In my opinion, the decree of the lower court should be so modified as to permit peaceful picketing by appellant union. The right of workers to organize, to strike, and to picket peacefully in order to obtain higher wages or better working conditions is basic and is protected by constitutional guarantees. The power of a state to forbid peaceful picketing was expressly denied by the Supreme Court of the United States in two comparatively recent cases. See Carlson v. People of the State of California, 310 U.S. 106, 84 L. Ed. 1104,60 S. Ct. 746; and Thornhill v. State of Alabama, 310 U.S. 88,84 L. Ed. 1093, 60 S. Ct. 736. In these cases our *Page 361 highest court held that this right of peaceful picketing was protected by the federal constitution.
We recognized and sanctioned this right in our opinion in the case of Riggs v. Tucker Duck Rubber Company, 196 Ark. 571, 119 S.W.2d 507, where we said: "The right of laborers to organize for the purpose of collective bargaining, or to improve the conditions under which they work, is unquestioned; and so also is their right to go on strike if these demands are not met, and, as a means of enforcing their demands, they have the right, among others, to peaceably picket."
In that case this court refused to modify the injunction of the lower court against all picketing, but gave as a reason for doing so that the lower court was not requested to modify the injunction so as to prohibit only picketing conducted in an unlawful manner.
In the case at bar appellants did just what this court said was not done in the Riggs case, supra. The record shows that appellants filed in the lower court a motion tasking for such a modification of the injunction as would permit peaceful picketing, and that the lower court denied this motion.

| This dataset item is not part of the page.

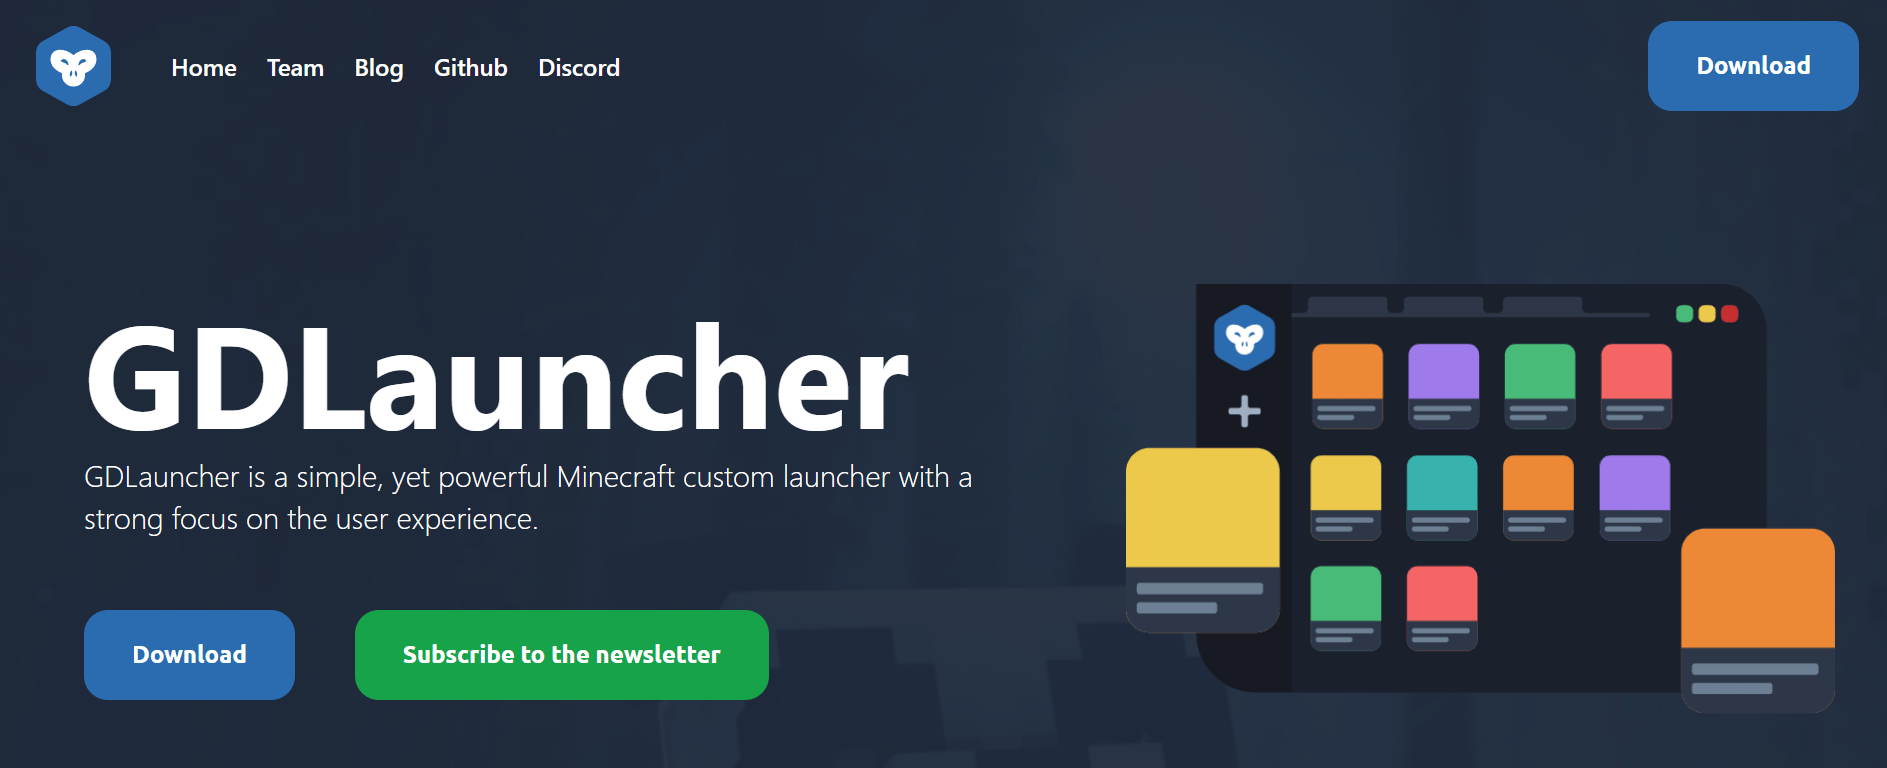 gdlauncher_website.png

"In general, any injunction granted in an action involving a labor dispute should not be so broad as to include peaceful persuasion or peaceful picketing where such picketing is regarded as legal, unless such acts are being done in furtherance of a strike or combination for an unlawful purpose." 31 Am.Jur. 998.
While the evidence showed that one fist fight (in which neither participant was a member of appellant union) occurred, and that on several occasions opprobrious language was used during the picketing, no such state of continued violence as would show concert of unlawful action on the part of the strikers or as would negative the possibility of peaceful picketing was proved. While an injunction may properly be granted against picketing where wrongful acts on the part of the strikers are "not episodic and isolated but of the very texture and *Page 362 process" of the picketing (Milk Wagon Drivers Union of Chicago v. Meadowmoor Dairies, Inc., 312 U.S. 287,85 L. Ed. 836, 61 S. Ct. 552, 132 A.L.R. 1200), the right to picket should not be taken away from appellants because of isolated incidents — especially when it was not proved that the striking waitresses were in any respect responsible for the lone act of violence shown. Cafeteria Union v. Angelos, 320 U.S. 293, 64 S. Ct. 126, 88 L. Ed. 58.
I am authorized to state that Mr. Justice MILLWEE concurs in the views above expressed.